Кровь отхлынула с моего лица, а во рту пересохло.
– О, – восторженно затрепетал архитектор, – согласен с вами абсолютно! Я повторюсь, этот стиль уже давно не моден! Могу лишь уточнить…
– Бюджет не имеет значения! – деловито перебил брат.
– Отлично! Превосходно! – восторженно закивал синьор Гирландайо.

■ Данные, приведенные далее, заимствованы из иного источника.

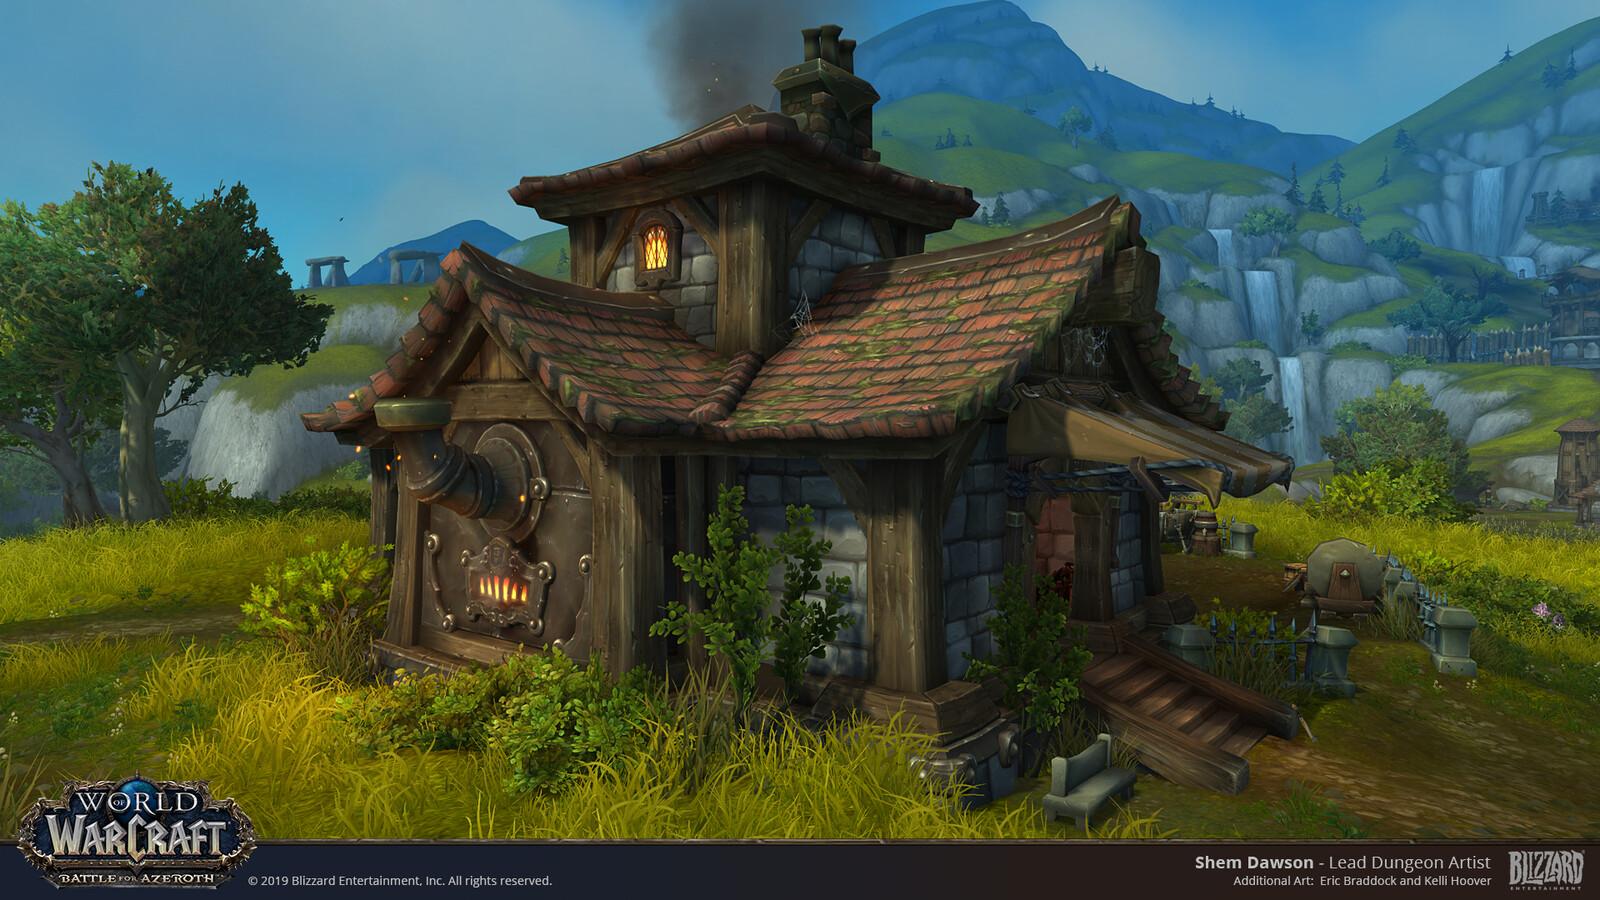 The Blacksmith Area

– Начнем, пожалуй, с кабинета! – кольнув меня легким подобием улыбки, пропитанным надменным самодовольством, воодушевленно продолжил брат.
В этот момент вниз живота мне упало нечто тяжелое так, что колени задрожали. Я, как мог, сильнее вцепился в перила.
Винченцо уверенно, подобно армии-победителю, вступающей на захваченную территорию, направился в кабинет, за ним на сколько позволял рост широкой походкой следовал архитектор.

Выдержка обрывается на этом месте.